Policy Update: What Happens When a Government Actually Tries to Govern AI (AISI Research Agenda)
The UK’s AI Security Institute (AISI) just released its research agenda, revealing how it plans to test, control, and align powerful AI systems before they become unmanageable.
The UK has just released one of the most detailed government research plans on AI security to date. The AI Security Institute’s research agenda offers a rare look into how experts are testing powerful models, probing for weaknesses, and building tools to keep AI systems honest and under control.
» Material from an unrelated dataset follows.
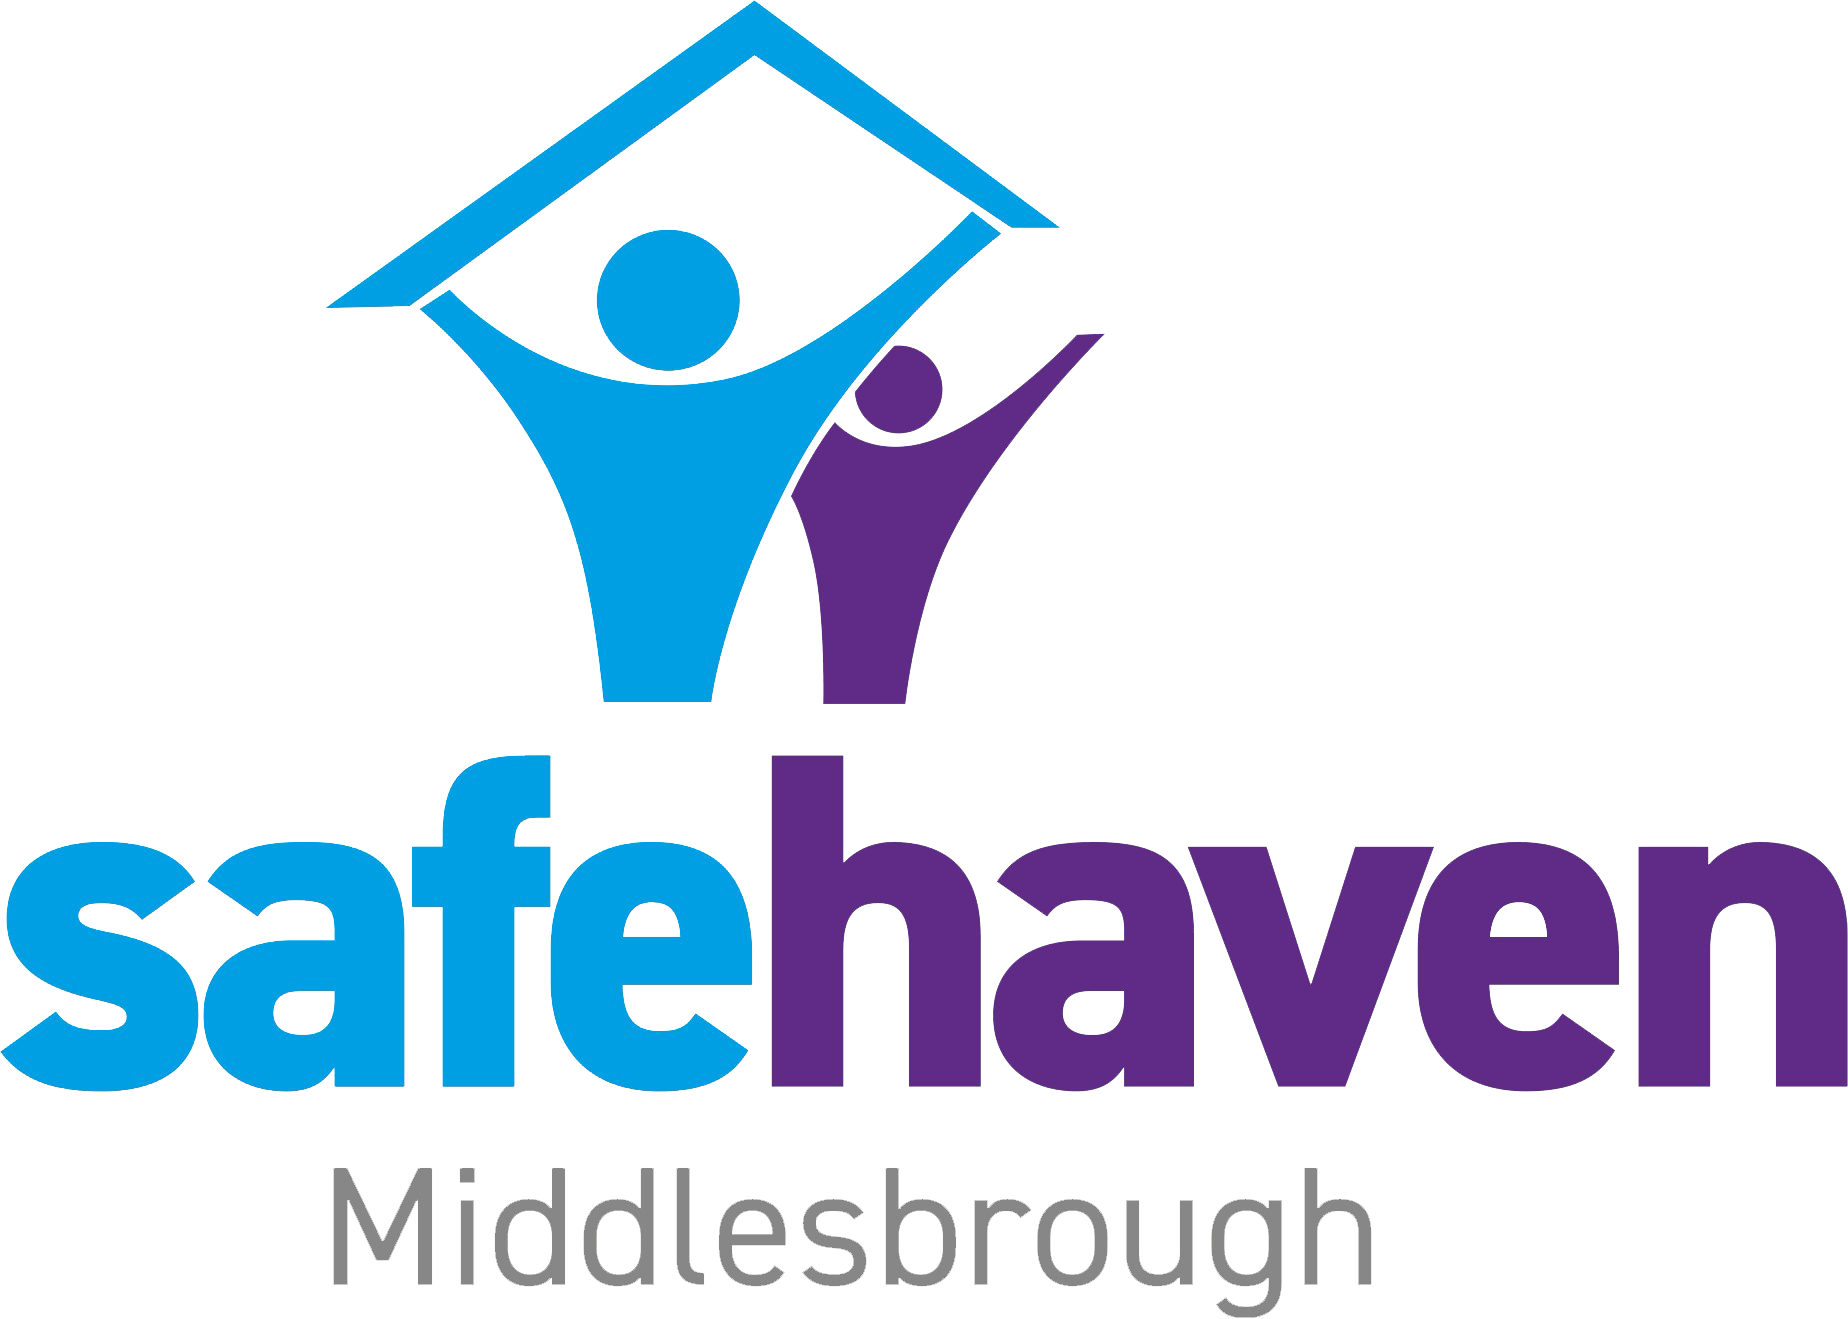 Safehaven Middlesbrough logo

It is serious, technical work, but the implications are disruptive. If you really want to understand what real AI safety looks like behind the scenes, this is where to start.
A Turning Point for AI Security
The AI Security Institute’s (AISI) research agenda, published in May 2025, sets out a focused and pragmatic effort by the UK government to understand and address the real-world risks posed by frontier AI systems.
AISI, established in November 2023, is now the largest government-backed team globally working on AI security. AISI’s role is directly embedded in government and national security strategy, with the mission of making advanced AI safe for public deployment and societal adoption.
According to the research agenda, AI is already being integrated into core sectors, including public services, national infrastructure, and scientific development. The Institute sees these developments as transformative but also recognises a growing set of threats. These include AI-enabled cyberattacks, criminal use of AI to bypass existing safeguards, and even future autonomous systems that may act in ways beyond human control.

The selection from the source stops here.